### Activity
Reproduce precisely the lines of the material below from the line containing "75f11e610862 Vintage and Designer Bags - 23" up to and including its last line. Pictures must not be copied.

### The data
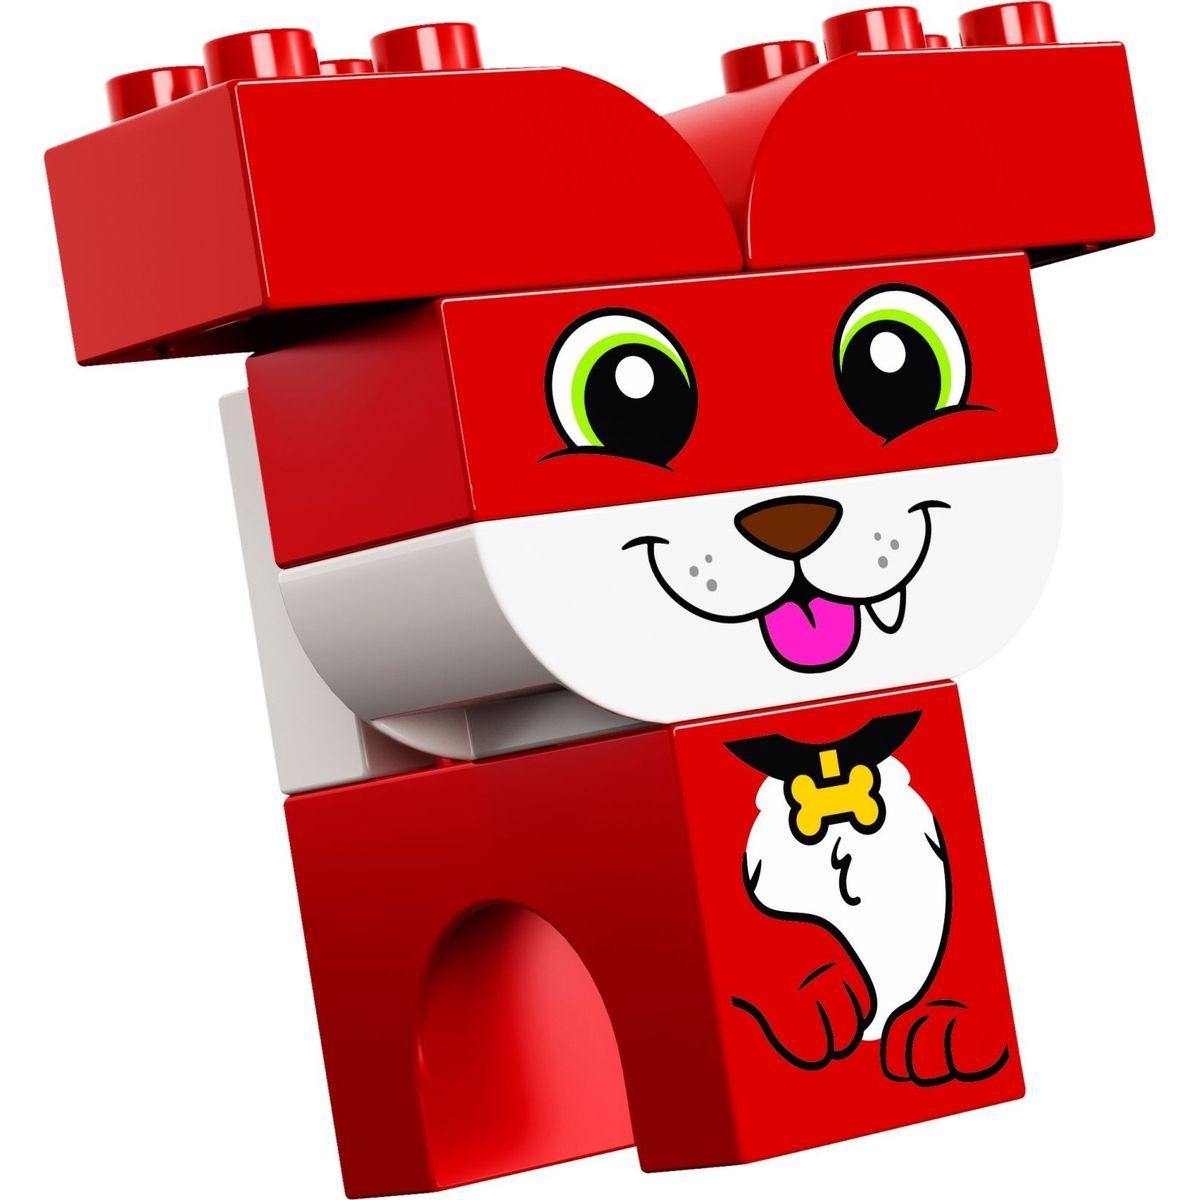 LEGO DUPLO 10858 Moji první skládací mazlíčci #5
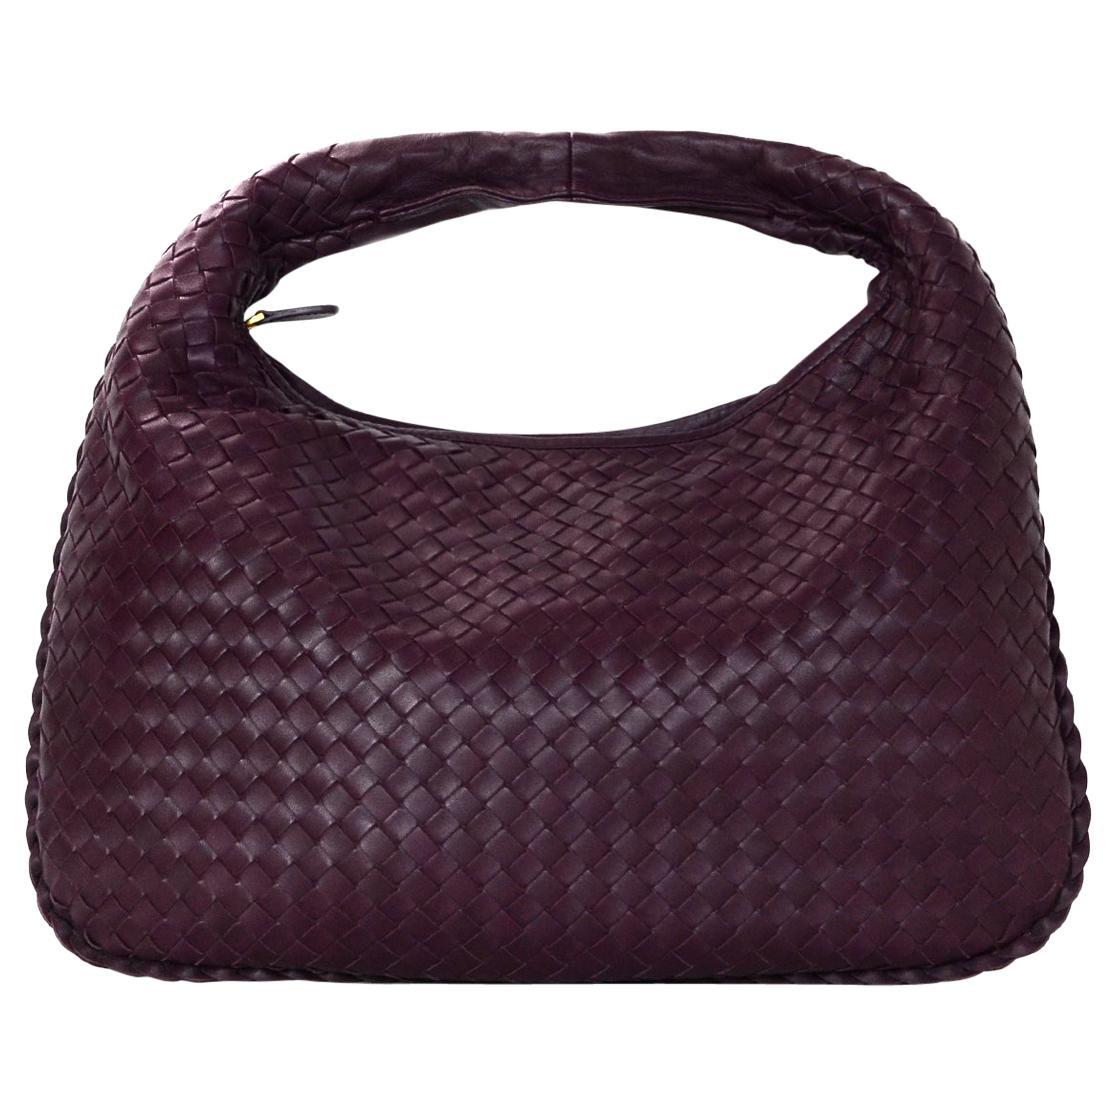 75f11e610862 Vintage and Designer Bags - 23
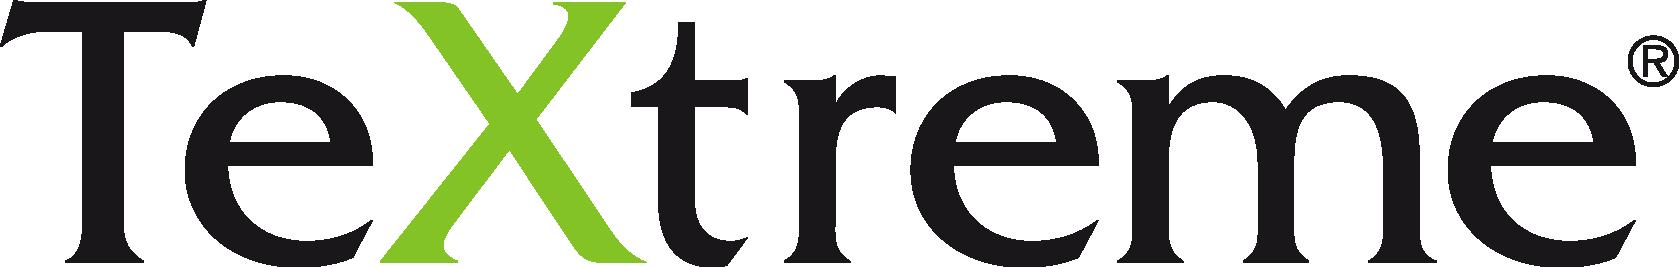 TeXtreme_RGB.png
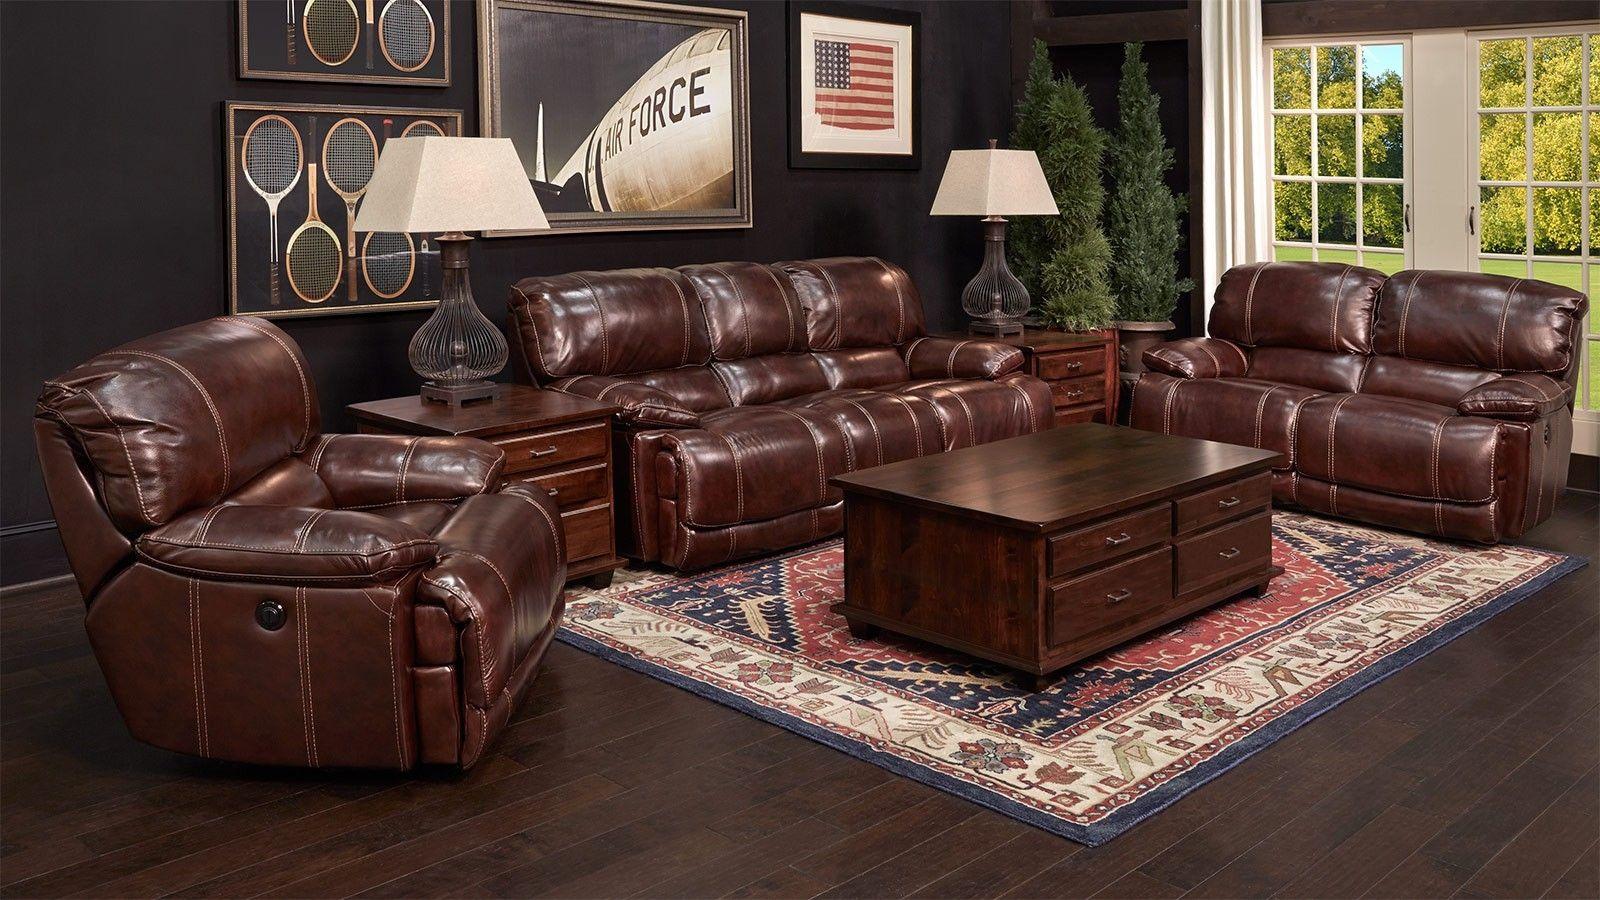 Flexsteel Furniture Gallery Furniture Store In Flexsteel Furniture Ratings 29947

### Response area
 75f11e610862 Vintage and Designer Bags - 23
 TeXtreme_RGB.png
 Flexsteel Furniture Gallery Furniture Store In Flexsteel Furniture Ratings 29947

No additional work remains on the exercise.